Resolved -
A few servers are still offline but FRA1 is fully functional since 23/02 at 23:00 CET. At this time we are still expecting a post-mortem from our cloud provider. This incident is now resolved.
Feb 24, 08:53 UTC
Update -
All event storage cluster servers hosting long-term data are now online with indexes gradually recovering; workers responsible for data retention will be restarted shortly. Remaining event storage cluster servers are being restarted via a custom process and should rejoin shortly.
Feb 23, 17:25 UTC
Update -
This incident is ongoing with around 80 servers still down. Indexation is operating with less than 10 minutes of lag on the event storage cluster. The data center provider is manually rebooting servers that failed to start correctly, prioritizing critical nodes including message bus nodes. Recovery efforts are ongoing.
Feb 23, 15:58 UTC
Update -
This incident continues to impact approximately 80 servers. The event storage cluster is recovering with nodes restarting and data becoming progressively available. Indexation has resumed with some lag still present. Frontend, APIs, automation features, and detection services remain operational. The main residual issues relate to forwarding difficulties caused by four message bus nodes being down, affecting forwarding to search indexing components. Recovery of infrastructure nodes is ongoing.

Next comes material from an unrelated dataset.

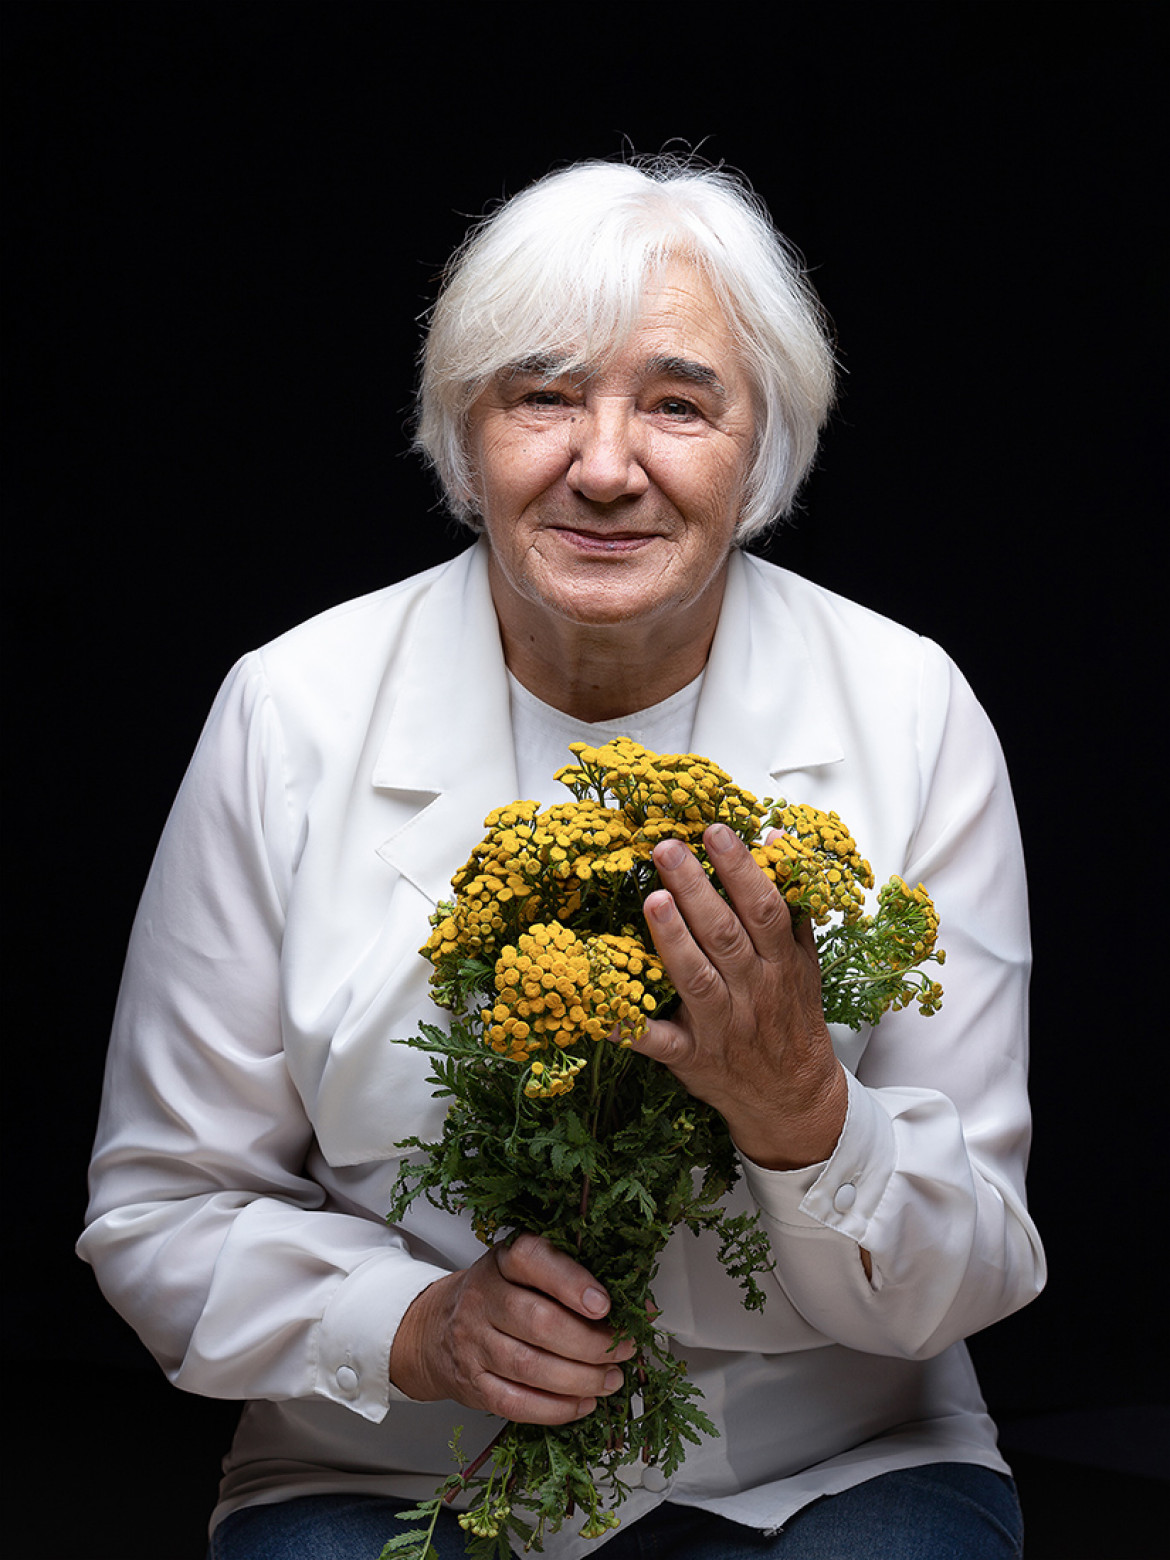 fot. Dominika Koszowska, "The Last Herb Pickers from Podlachia" (2. Miejsce w kat. People: Other) / ND Awards 2020
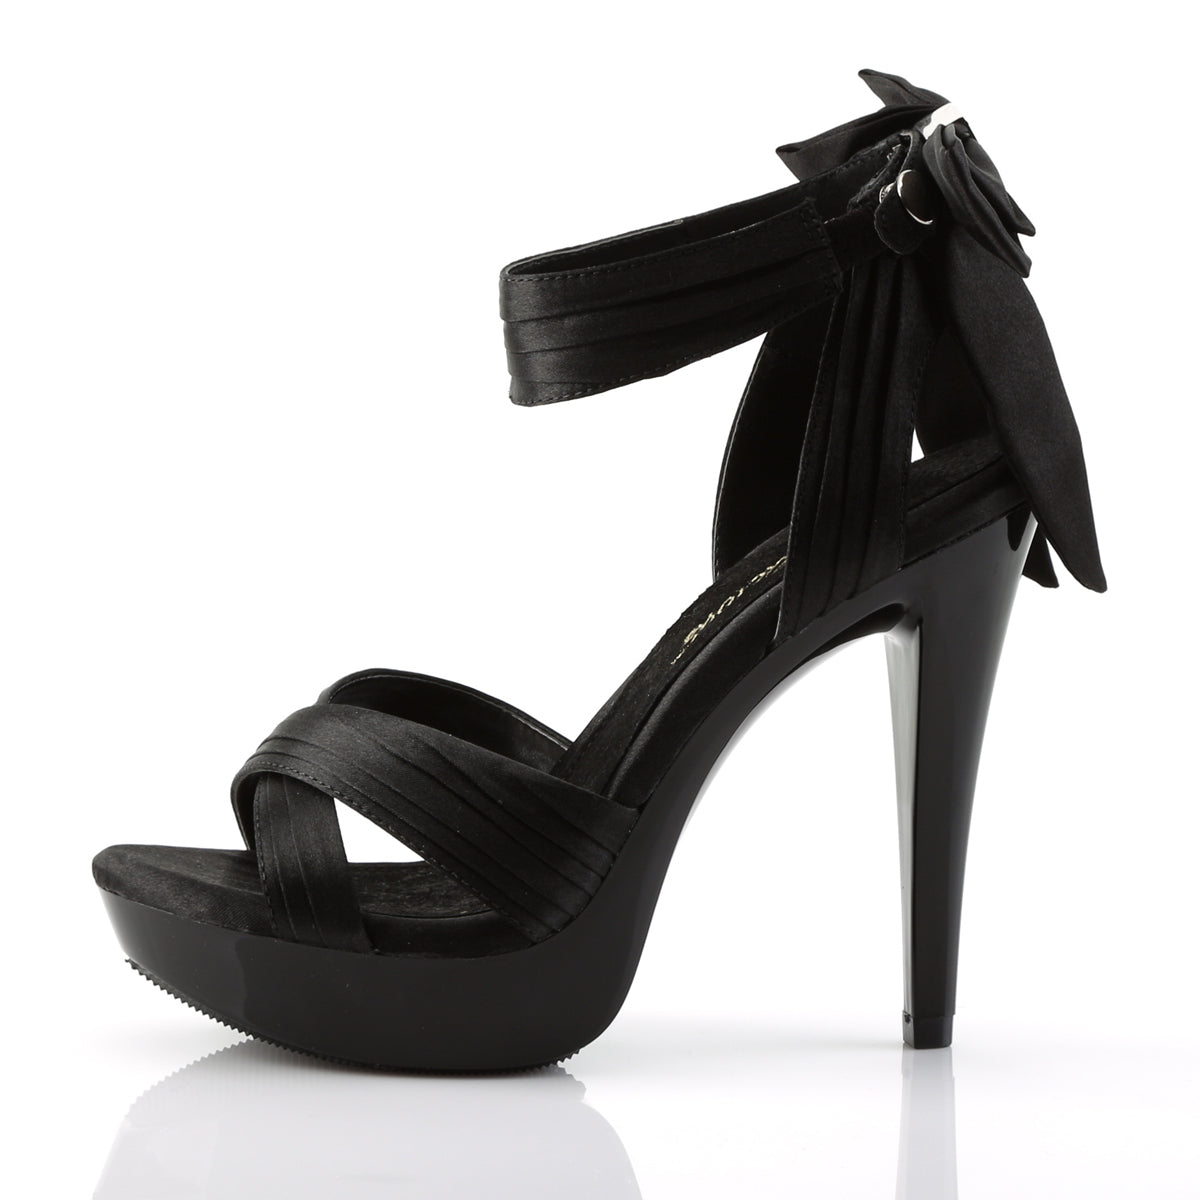 COCKTAIL-568 Fabulicious 5 Inch Heel Black Satin Sexy Shoes-Fabulicious- Sexy Shoes Pole Dance Heels

We are still in contact with our cloud provider to ensure all servers come back online as soon as possible.
Feb 23, 15:06 UTC
Identified -
More than a hundred servers are down due to an issue impacting network switches in one of the data centers, causing disruptions to the message bus and other infrastructure components. Our teams are actively investigating, and we are coordinating with the data center provider to determine the estimated time for recovery.
Feb 23, 14:18 UTC
Investigating -
We have identified more than a hundred servers down at once on FRA1. As this is affecting nearly all clusters, we are currently looking into a cloud provider issue.
At this time we are not sure about the overall impact, as our team is looking into it.
Feb 23, 14:15 UTC